Jean Trebek met Judith through their mutual friend, Mildred Iacovetti. Jean and Mildred were both volunteers at the Children’s Burn Foundation and were attending a “wrapping party” (an event where volunteers help wrap mystery boxes for a fundraising luncheon). Mildred thought Judith might enjoy it and asked her to come help. Jean and Judith hit it off right away. Judith went out of her way to be friendly and was very easy to get to know. As she shared with Jean, they both realized that they had a lot in common – two boys the same age, Judith was finishing her masters of arts degree in Spiritual Psychology at the The University of Santa Monica while Jean was studying to become a practitioner at the North Hollywood Church of Religious Science. They are both gentle spirits backed by deep love and wisdom. Here’s a glimpse into one of their conversations:

If we allowed it in, we can invite it out!


It’s a matter of breaking a habit; a judging analytical habit. And creating a beautiful new intention to see the positive.
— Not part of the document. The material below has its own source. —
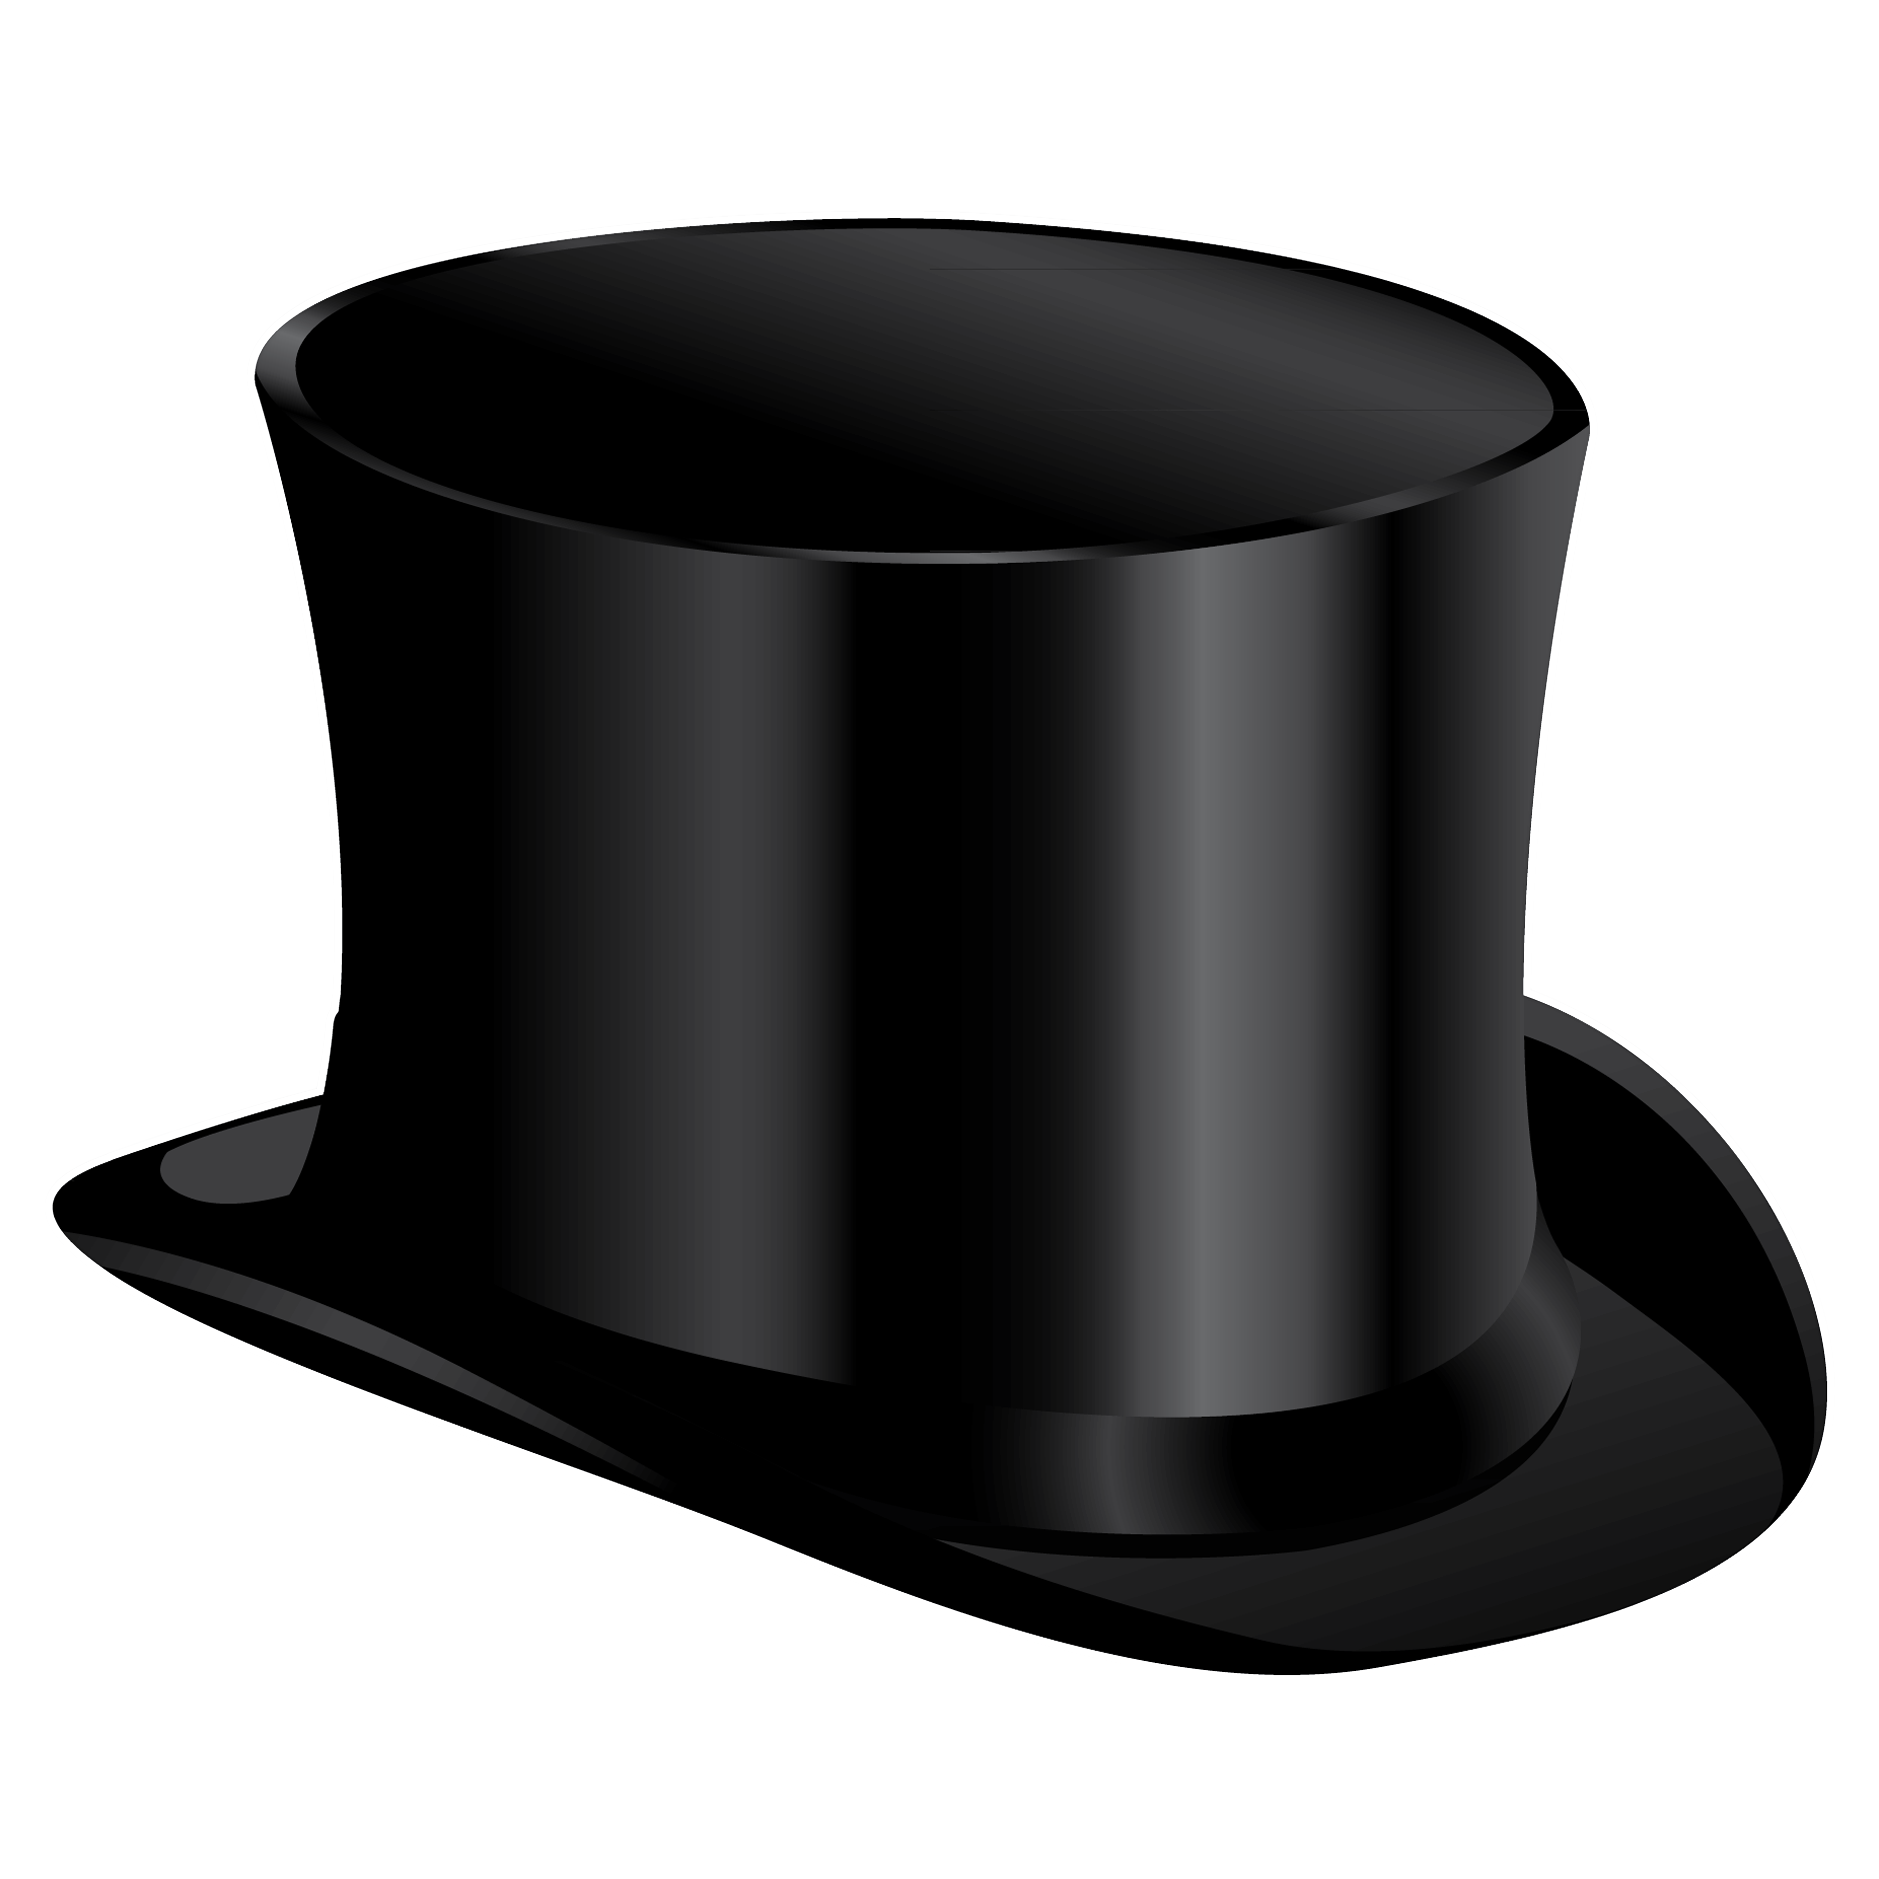 High Quality Top hat Blank Meme Template

“Our minds are really active and they need to be creatively moving all the time. And if a thought gets in there, our mind likes to chew on it and be creative with it. When our minds keep judging and judging and judging, it does no good what so ever. It’s like a rotten onion in a pot of stew. Don’t even try it. It becomes a way of living, a way of being, it becomes self talk that creates nothing good. Just confusion and sadness that can lead to depression. It just doesn’t do any good. But our minds are strong enough to let go of that negative judgement, let go of that questioning. If we allowed it in, we can invite it out! It’s a matter of breaking a habit; a judging analytical habit. And creating a beautiful new intention to see the positive. Because it’s there more than anything is present.”